Long lines had begun forming outside bakeries across the country since Monday after industry insiders warned that the government had not extended a long-promised credit line for the subsidized good.

“I’ve been looking around since the morning but I couldn’t find any bread – there’s none at all,” Mohammad Mustapha, one shopper in the southern city of Sidon, told Reuters.

“I have small children to feed, and it’s Ramadan,” he said, referring to the holy month for Muslims in which day-long fasts are broken with evening meals.

Salam said the government would disburse $15.3 million in credit to importers as a “solution to the issue of subsidized bread.”

“This will give us a period of about two to three weeks before we need to open another credit line, which we had requested at $21 million,” Salam said.

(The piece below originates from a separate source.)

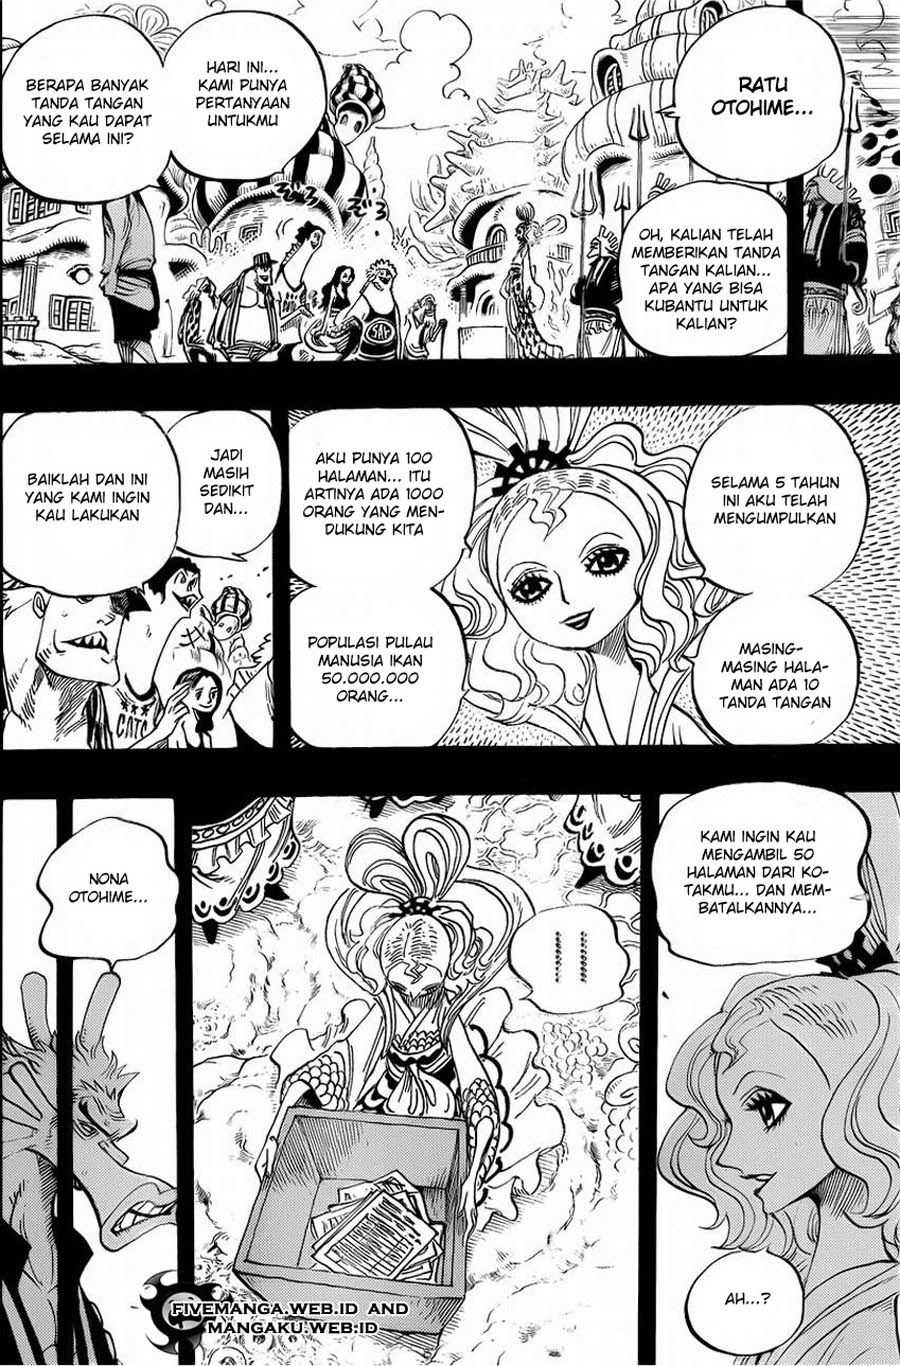 One Piece Chapter 624 – Ratu Otohime - 123

He said the government was not currently considering lifting bread subsidies and would instead seek a $150 million agreement with the World Bank to improve food security because in the long term “we won’t be able to subsidize anything, much less bread.”

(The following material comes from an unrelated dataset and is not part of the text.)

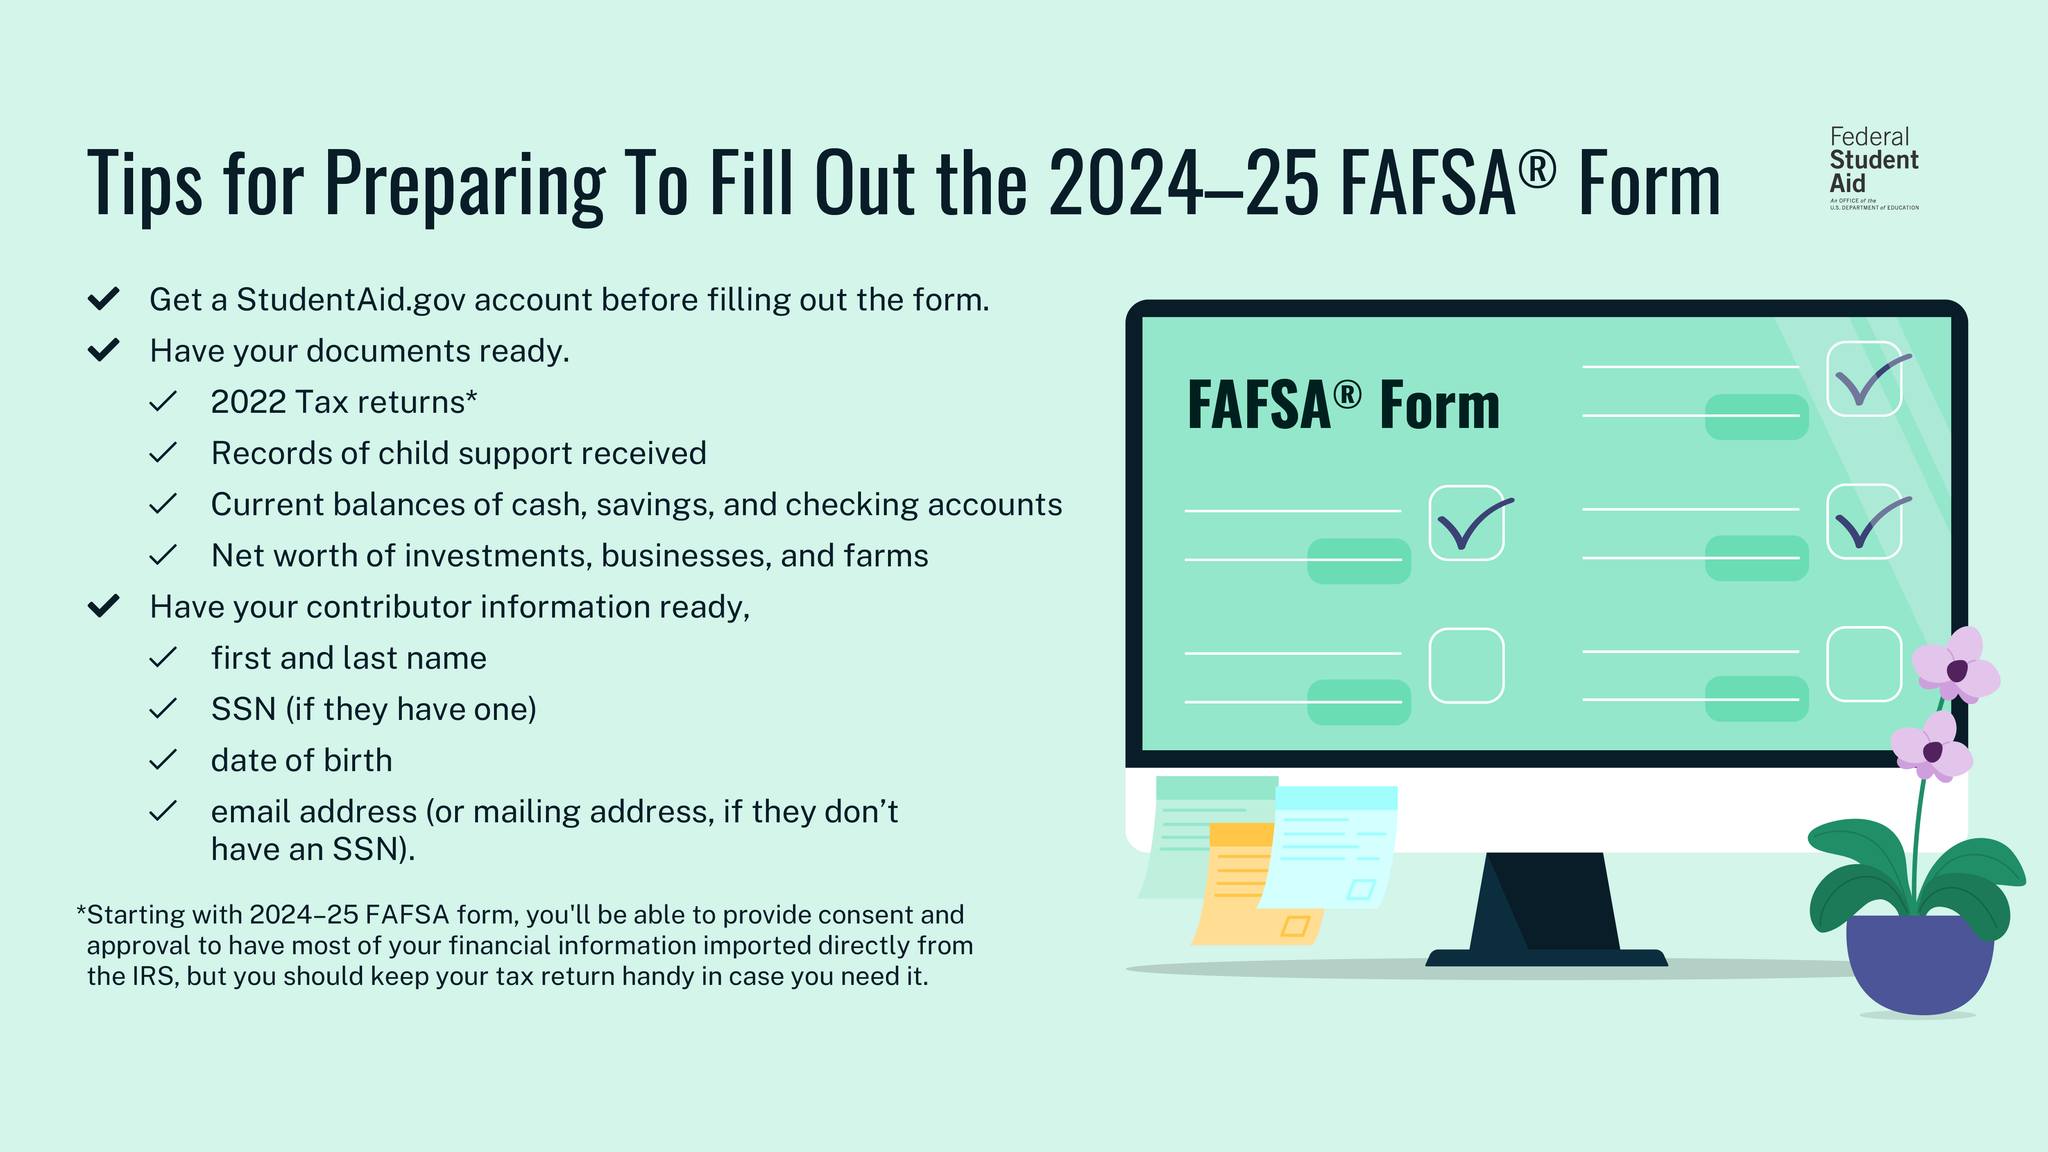 How to invite contributors to FAFSA

Lebanon is heavily reliant on food imports and pays for them in dollars, which have become increasingly difficult to obtain since its economy crashed in 2019.

Since then, the Lebanese pound has lost more than 90percent of its value while food prices have gone up more than elevenfold, according to the World Food Programme.

In a separate development, an explosion ripped through a building in southern Lebanon early on Tuesday, killing one person and wounding several others, a Lebanese security official said.

The blast in the town of Banaafoul, near the port city of Sidon, demolished the two-floor building that had served as the local municipality headquarters and a scout center for the Shiite Amal militia, headed by Parliament Speaker Nabih Berri.

According to the security official, the dead person was the son of the town’s mayor. Five people were injured, the official said, revising his earlier figure of seven wounded. It was not immediately clear what triggered the blast, which also caused material damage to nearby buildings and cars.